Cars were stopping, hands holding cells out windows to snap pictures. I hadn’t been dating Tam long enough to know whether the stories were true and she really did make it to every major attack in Kabul within twenty minutes. But then I heard her motorcycle, and she pulled up, dressed for an Armageddon road movie: head wrapped in a white-and-gray keffiyeh, torn jeans over black yoga leggings, a scuffed leather biker’s jacket with a vest of yellow sheepskin from Oruzgan, its ruff warming her neck. I waved, but she drew her Nikon D4 out of a holster and began shooting. A few dumbfounded traffic police stood around in oversized suits. Green pickups started arriving with more police crammed in their beds.
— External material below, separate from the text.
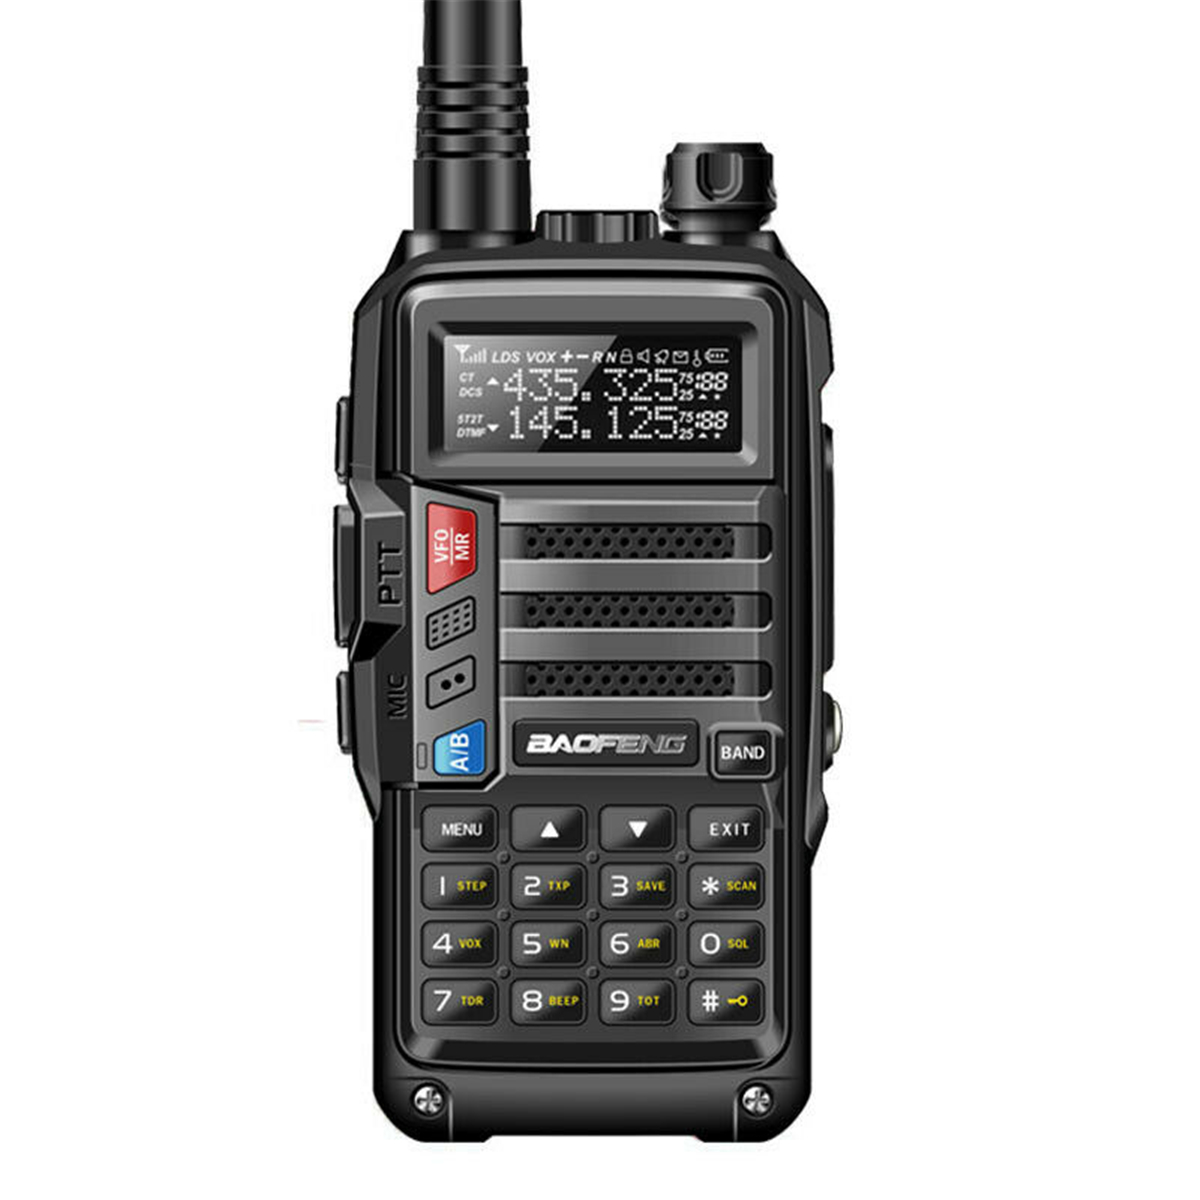 

BaoFeng UV-B3 Plus Walkie Talkie VHF UHF 128-канальный двусторонний Радио CB Функциональный приемопередатчик 8 Вт 10 км для AU Plug

Wind and a brief icy rain the previous night had purged the smog, and even distant mountains appeared close, hanging above the horizon. The parking lot and street had filled. Horns blared. More men came through the traffic. The cloud of incinerated lives was already dissolving over the frozen streets — just something else Kabul’s inhabitants would have to breathe.
As I edged out of the crowd, I came to a circle of men with their backs to me. They were gazing down, and I walked along their perimeter until one peeled away and I took his place. My stomach clenched and my knees pulsed, a feeling like when an elevator reaches a floor, an airy sensation in the joints, of being buoyed and dropped at once.
A hand lay on the asphalt, on its back, the skin pale and intact, its fingers curled slightly, as if it had been severed in the moment of receiving an offering. It was probably a woman’s, though Afghans are generally small, and a bloodless hand must decrease in volume.